Excerpts from a dataset:
++++++

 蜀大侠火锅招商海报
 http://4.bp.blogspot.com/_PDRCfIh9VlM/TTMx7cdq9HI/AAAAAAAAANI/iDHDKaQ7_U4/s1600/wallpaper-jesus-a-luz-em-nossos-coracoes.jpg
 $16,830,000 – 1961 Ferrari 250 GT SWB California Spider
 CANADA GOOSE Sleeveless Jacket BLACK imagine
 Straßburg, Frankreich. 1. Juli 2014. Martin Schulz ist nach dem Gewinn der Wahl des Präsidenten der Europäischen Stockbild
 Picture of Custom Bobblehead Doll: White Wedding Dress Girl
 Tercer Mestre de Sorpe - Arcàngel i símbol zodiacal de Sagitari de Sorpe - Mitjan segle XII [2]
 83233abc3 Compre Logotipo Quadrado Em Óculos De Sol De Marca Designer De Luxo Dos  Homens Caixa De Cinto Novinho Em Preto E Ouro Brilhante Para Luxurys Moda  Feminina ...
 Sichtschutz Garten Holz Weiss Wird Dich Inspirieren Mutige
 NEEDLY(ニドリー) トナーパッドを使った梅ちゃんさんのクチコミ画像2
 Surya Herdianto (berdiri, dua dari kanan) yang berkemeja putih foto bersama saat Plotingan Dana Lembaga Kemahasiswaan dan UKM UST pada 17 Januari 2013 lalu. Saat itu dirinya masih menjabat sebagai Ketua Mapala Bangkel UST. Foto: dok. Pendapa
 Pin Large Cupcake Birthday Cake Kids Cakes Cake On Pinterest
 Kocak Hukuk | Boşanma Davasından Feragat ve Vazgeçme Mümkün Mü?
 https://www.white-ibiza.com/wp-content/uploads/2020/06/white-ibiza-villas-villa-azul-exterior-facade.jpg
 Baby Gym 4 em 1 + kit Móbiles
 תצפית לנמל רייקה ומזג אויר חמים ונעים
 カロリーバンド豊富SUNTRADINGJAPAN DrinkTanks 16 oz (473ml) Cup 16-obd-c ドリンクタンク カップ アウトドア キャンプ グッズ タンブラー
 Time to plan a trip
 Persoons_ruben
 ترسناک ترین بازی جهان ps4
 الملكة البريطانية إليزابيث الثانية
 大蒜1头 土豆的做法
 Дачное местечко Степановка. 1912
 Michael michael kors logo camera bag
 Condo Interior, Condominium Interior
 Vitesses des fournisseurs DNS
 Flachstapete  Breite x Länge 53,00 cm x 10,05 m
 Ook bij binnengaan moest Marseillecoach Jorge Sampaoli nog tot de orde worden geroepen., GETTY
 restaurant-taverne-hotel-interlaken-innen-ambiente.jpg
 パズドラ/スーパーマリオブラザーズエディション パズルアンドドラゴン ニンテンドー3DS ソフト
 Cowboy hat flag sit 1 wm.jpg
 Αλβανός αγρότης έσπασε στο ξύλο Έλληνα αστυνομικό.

++++++

**What is being asked:**
Beginning with the first line of the entries, repeat each line exactly until you have reproduced the one containing "Straßburg, Frankreich. 1.", and add nothing further.

**Task solution:**
 蜀大侠火锅招商海报
 http://4.bp.blogspot.com/_PDRCfIh9VlM/TTMx7cdq9HI/AAAAAAAAANI/iDHDKaQ7_U4/s1600/wallpaper-jesus-a-luz-em-nossos-coracoes.jpg
 $16,830,000 – 1961 Ferrari 250 GT SWB California Spider
 CANADA GOOSE Sleeveless Jacket BLACK imagine
 Straßburg, Frankreich. 1. Juli 2014. Martin Schulz ist nach dem Gewinn der Wahl des Präsidenten der Europäischen Stockbild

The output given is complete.